→ What the task requires
Please retype the data in full and exactly; the pictures are not part of the copy.

→ Input data
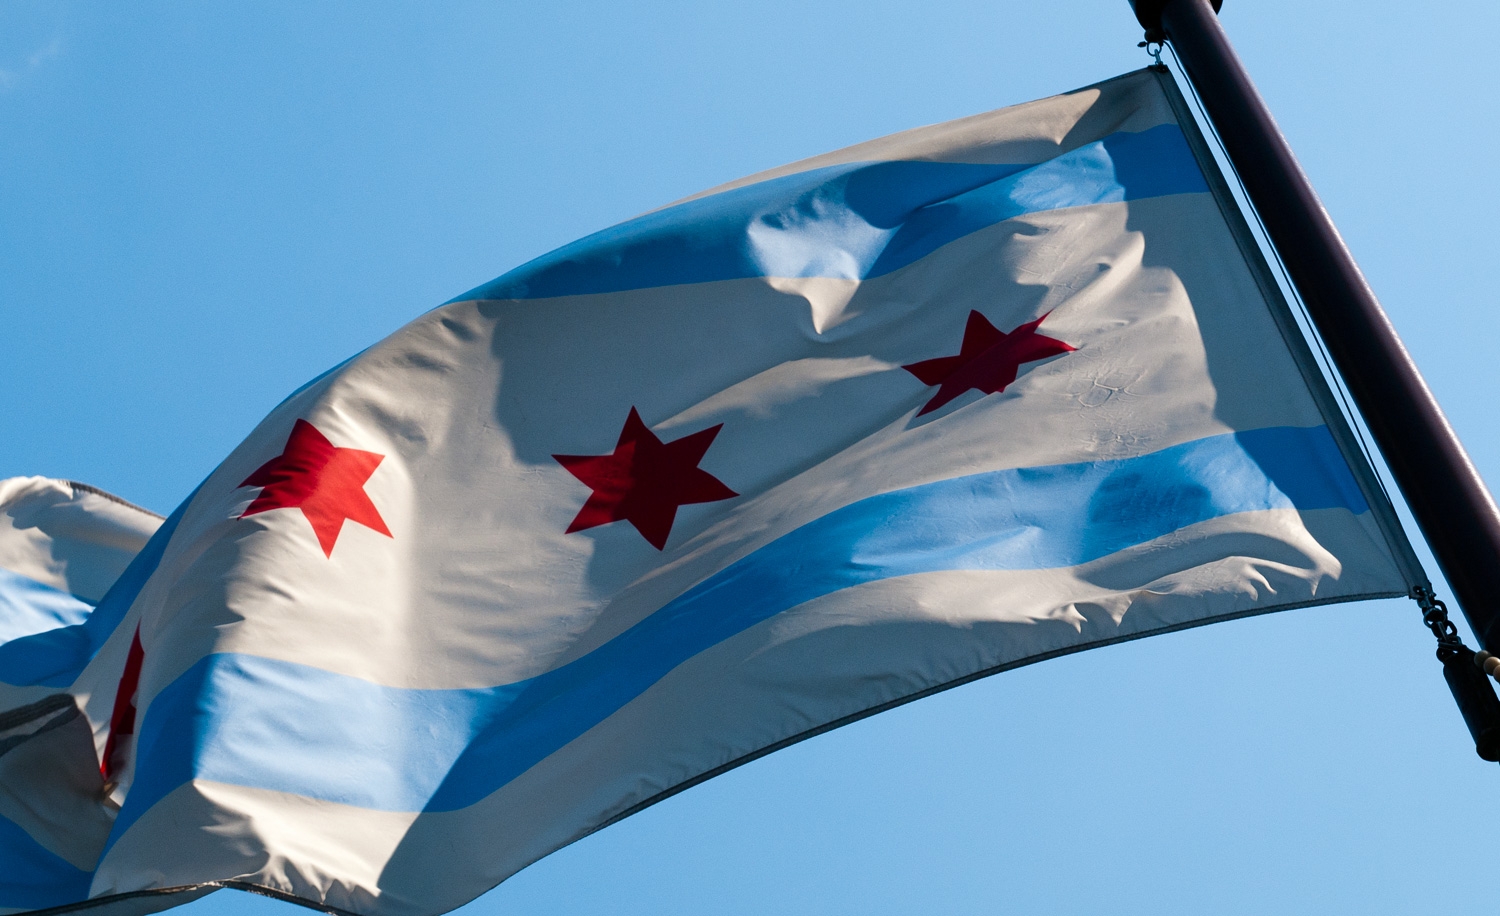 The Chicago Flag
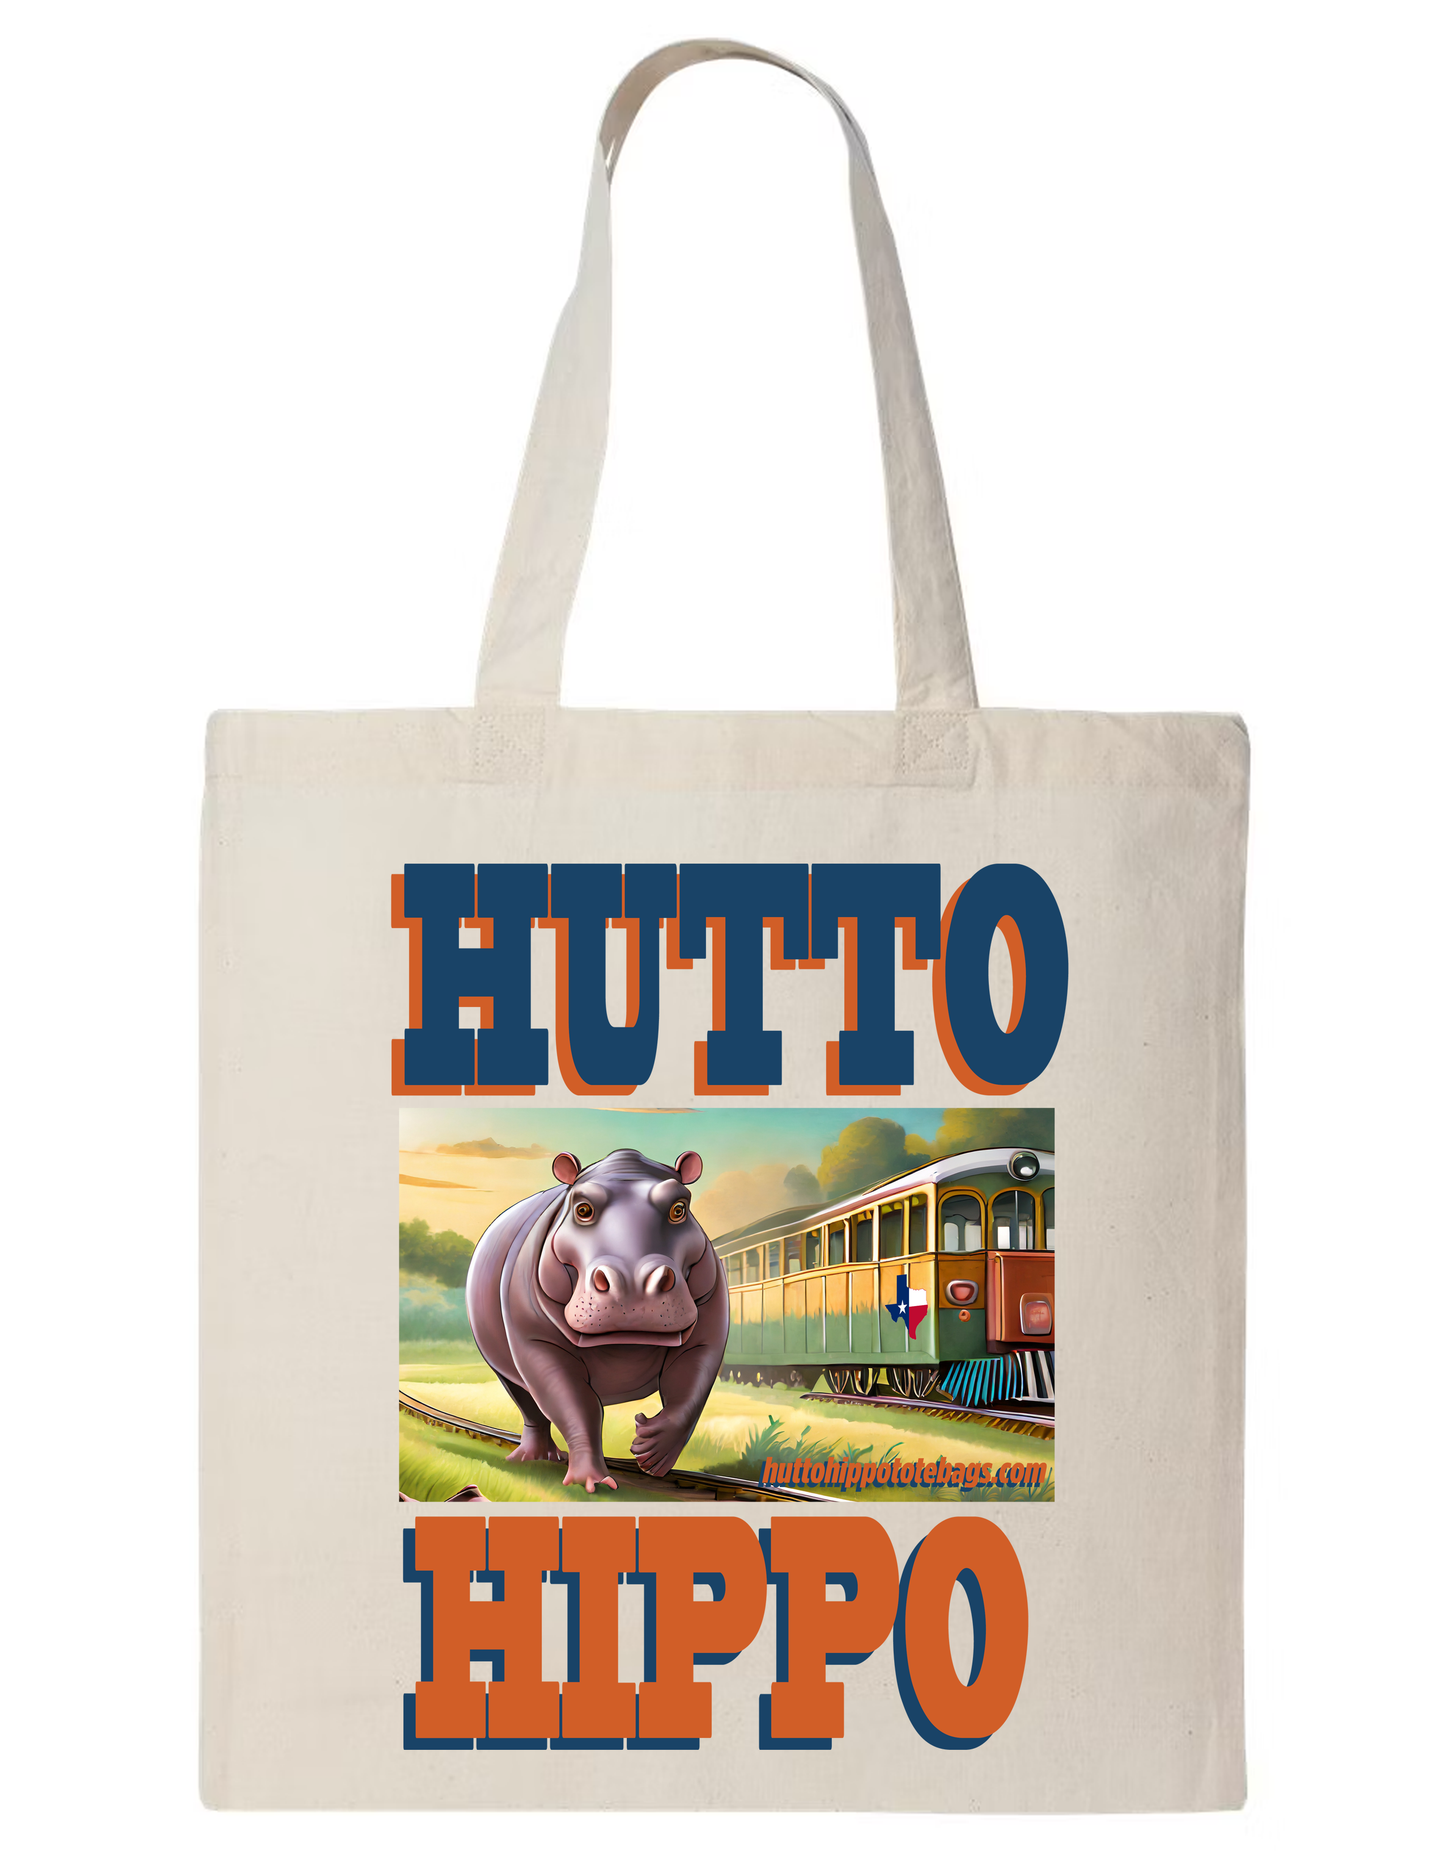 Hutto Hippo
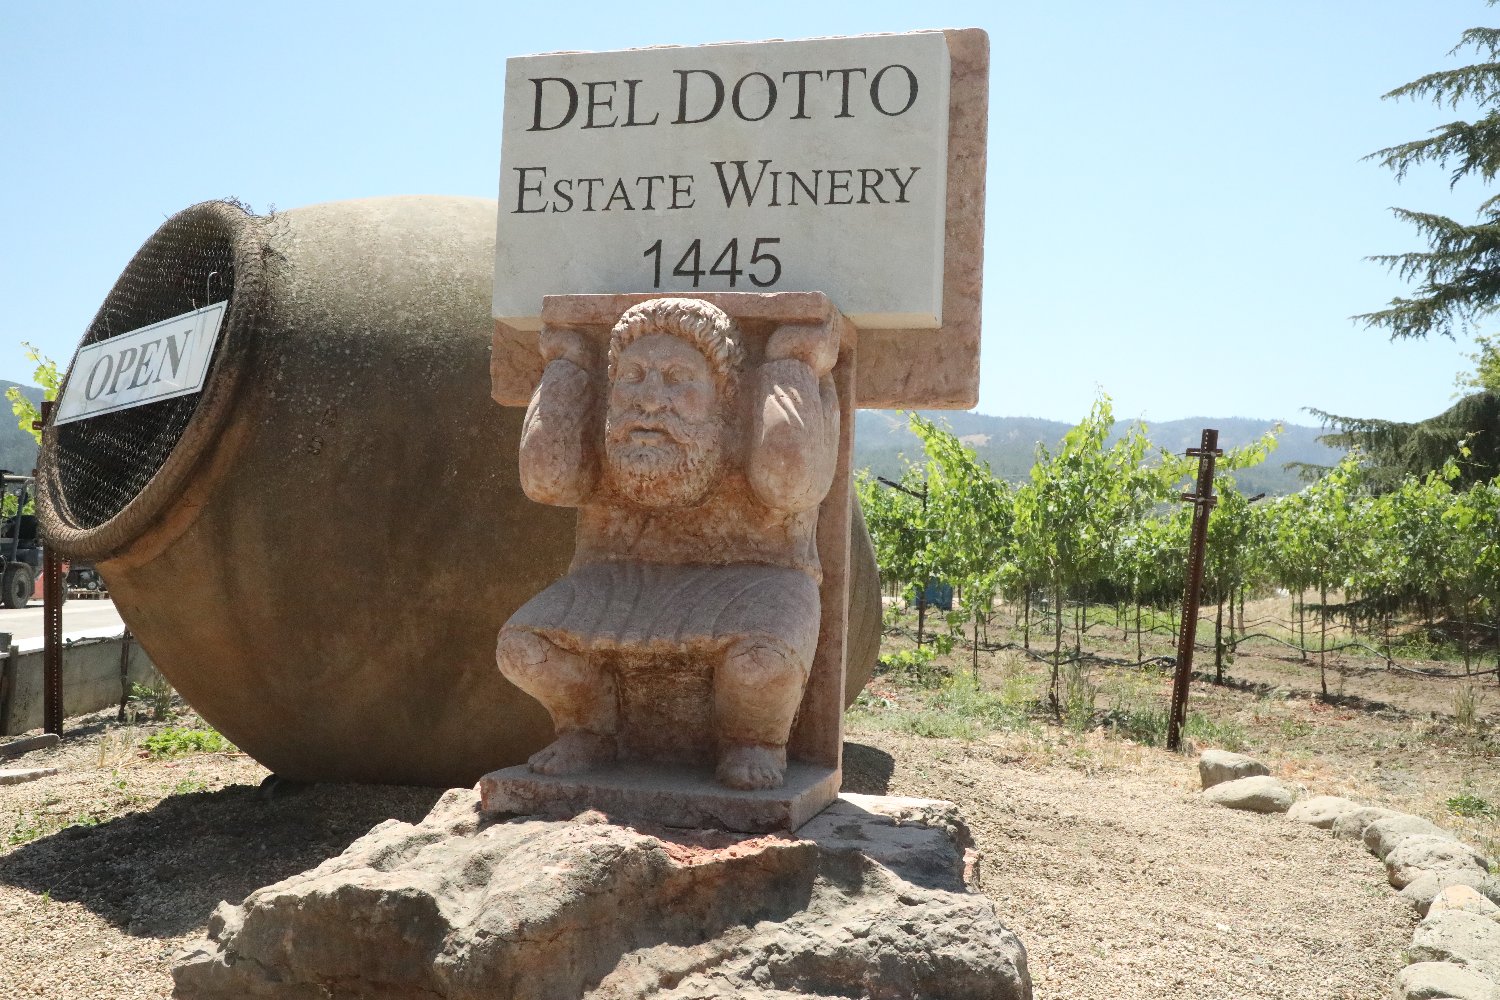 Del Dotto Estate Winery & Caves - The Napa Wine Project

→ Exercise output
 The Chicago Flag
 Hutto Hippo
 Del Dotto Estate Winery & Caves - The Napa Wine Project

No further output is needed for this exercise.